Sure, I can relate most anything or anyone to radio; but in the case of Cotten, there is no need to stretch. Not that it would be difficult to highlight the wireless connections of some of the other notable film and theater personalities born on this day, a list including actress Constance Cummings, who was heard in a radio adaptation of Alice Duer Miller’s narrative poem The White Cliffs on the anthology drama series Romance (22 May 1945); Clifton Fadiman, editor and book critic, best known to American radio 1940s listeners as the moderator of the literary quiz program Information, Please; and playwright-novelist Max Frisch, whose Biedermann und die Brandstifter (Firebugs) was originally written for radio back in 1952.

Joseph Cotten was a radio actor, first if perhaps not foremost. He started out in radio drama in the mid-1930s, acting in a play produced by the American School of the Air, during the production of which he met and befriended Orson Welles, who subsequently gave Cotten his big screen break by casting him in Citizen Kane and The Magnificent Ambersons. On the air, Cotten was heard on programs like the aforementioned Romance, on the thriller anthology Suspense, the patriotic Cavalcade of America, and the Lux Radio Theater (taking Cary Grant’s part in Penny Serenade, for instance), as well as being featured on Welles’s own showcases, the Mercury Theatre on the Air and its commercial re-establishment, the Campbell Playhouse.

Radio listeners had several opportunities to hear Cotten on his birthday, namely in the 15 May 1949 production of “Breakdown,” as soundstaged by the Prudential Family Hour of Stars and a “Salute to Eugene O’Neill,” broadcast on 15 May 1954. Undoubtedly the least of these occasions was “Halfway to Reno,” a romantic trifle that aired on 15 May 1947 as part of the Radio Reader’s Digest. The play was an adaptation of one of the stories from the pages of Reader’s Digest magazine; it involves a husband and father who falls in love with another woman and seeks a divorce—until he is reminded of the wonders of parenthood, of playing ball with and reading to his son. It is a thoroughly undramatic play, a glossy treatment of marital discord, prefixed by the reminder that, in 1946, one out of three marriages ended in divorce.

Interviewed (that is, reading the script prepared for him) during the introduction to the pay, Cotten assured radio listeners that he was happily married.

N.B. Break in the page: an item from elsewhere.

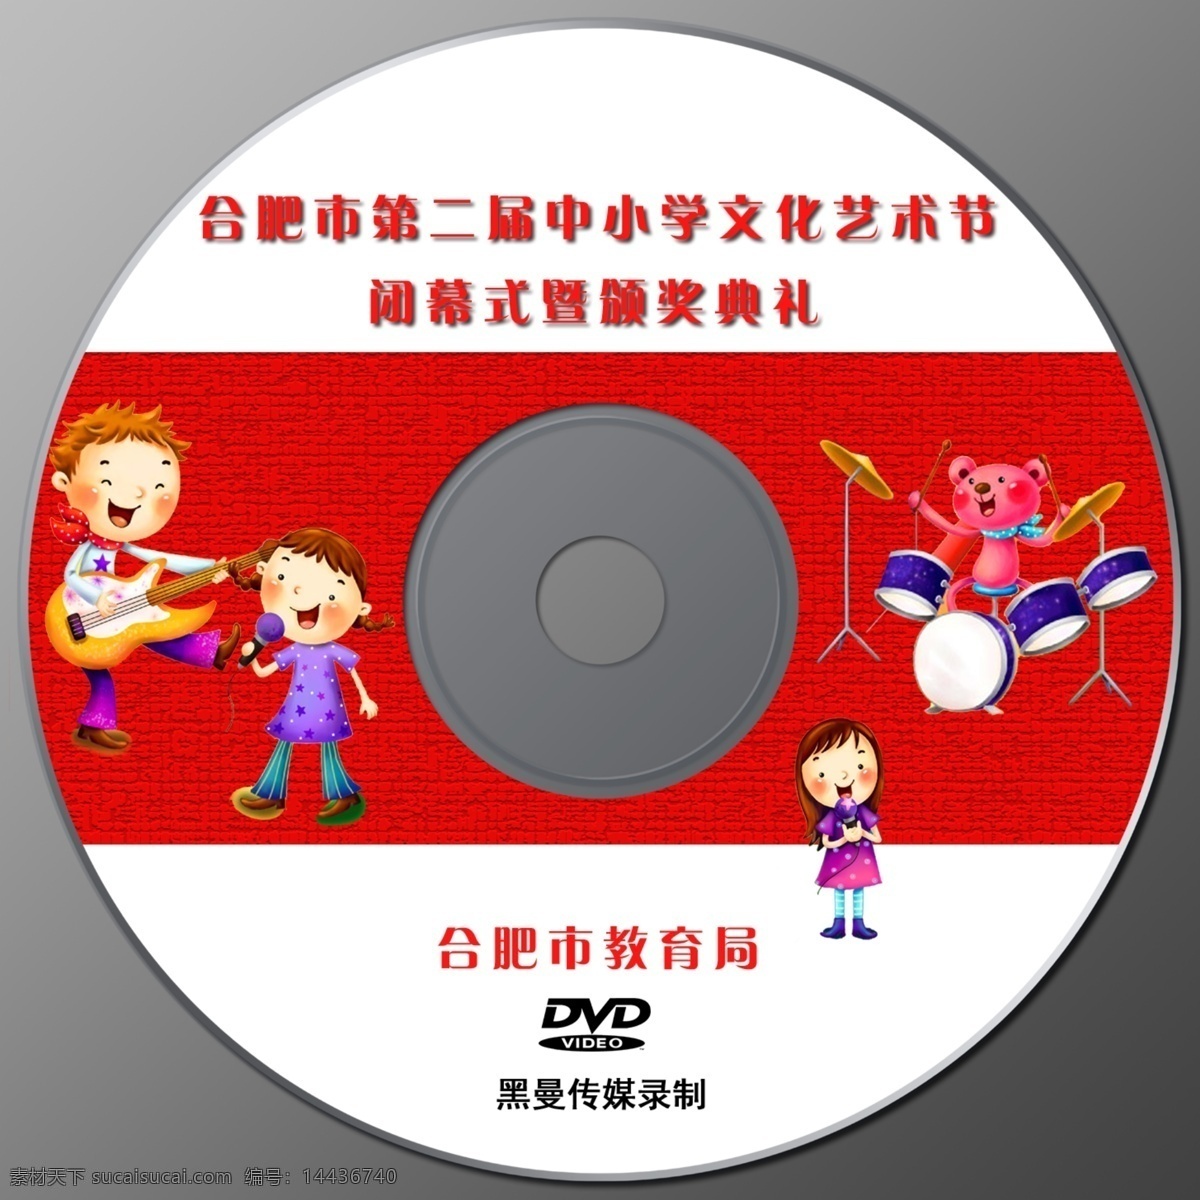 光碟封面 光碟 封面设计 dvd 封面 白色

As I learned today, flicking through an edition of Hollywood Album, he claimed to owe his acting career to one Lenore Kipp, his first wife, who played the piano Cotten was pounding during a local theatre production of “Paris Bound” as far away from Broadway as Florida. When Ms. Kipp said “goodbye” go to New York, Cotten followed and eventually married her.

Most Victorian novels, of course, are concerned with matrimony. Comedies are said to end in marriage, while tragedy begin with it. Trollope, at least, had little interest in the conventional happy ending when he penned his Cousin Henry—a story about a secreted will and its ultimate detection—which concludes refreshingly unsentimental: “As any little interest which this tale may possess has come rather from the heroine’s material interests than from her love,—as it has not been, so to say, a love story,—the reader need not follow the happy pair absolutely to the altar.”

Cotten’s voice had a rough edge, an edge wasted on romances going smoothly. Right now, I am picturing him as the frustrated and disillusioned husband in Niagara, a spouse “Halfway to Reno” making a detour to those deadly falls.